II
Quand, à la tombée de la nuit, le train les déposa enfin au bord d’un des lacs, Lydia fut bien aise de n’avoir pas, comme d’habitude, à passer d’une solitude dans une autre. Leur perpétuel voyage, depuis un an, avait ressemblé à une fuite de proscrits: à travers la Sicile, la Dalmatie, la Transylvanie et l’Italie méridionale, ils avaient tacitement persisté à éviter leur prochain. L’isolement, d’abord, avait donné une saveur plus profonde à leur bonheur, comme la nuit donne plus d’intensité au parfum de certaines fleurs; mais, dans la nouvelle phase où ils entraient, le plus vif désir de Lydia était qu’ils ne fussent plus exposés de cette façon anormale à l’action mutuelle de leurs pensées.

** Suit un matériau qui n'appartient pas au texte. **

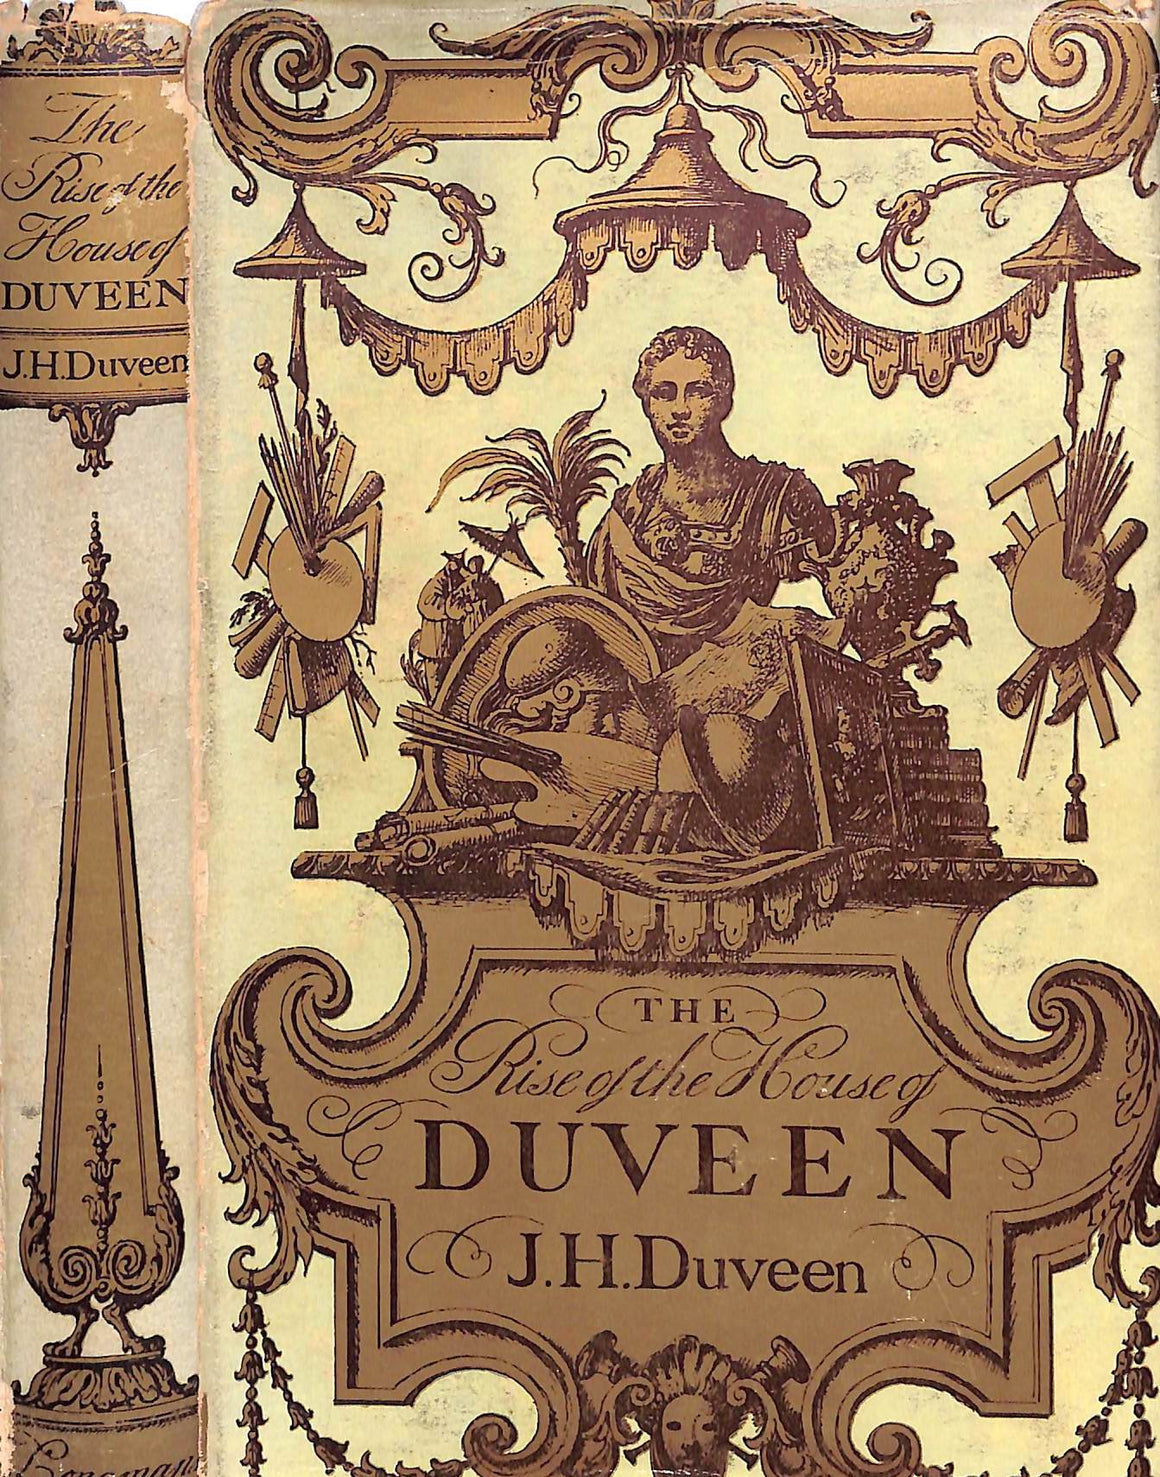 "The Rise Of The House Of Duveen" 1957 DUVEEN, J.H.

Elle frémit pourtant lorsque la masse illuminée de l’élégant hôtel anglo-américain dressa sur la rive, devant le bateau qui avançait, tout ce qu’il représentait d’ordre social,—liste des voyageurs, services religieux, et douce inquisition de la table d’hôte. Le fait seul que dans quelques minutes, elle figurerait sur le registre de l’hôtel sous le nom de Mrs Gannett semblait affaiblir le ressort de sa résistance.
Ils avaient eu l’intention de ne passer là qu’une seule nuit, en route pour un village perché parmi les glaciers du mont Rose; mais, dès son premier pas dans la lumière éclatante de la salle à manger, Lydia éprouva le soulagement d’être perdue dans une foule, de ne plus être, pour un moment du moins, le point de mire de Gannett; et sur le visage de celui-ci elle saisit le reflet de son propre sentiment.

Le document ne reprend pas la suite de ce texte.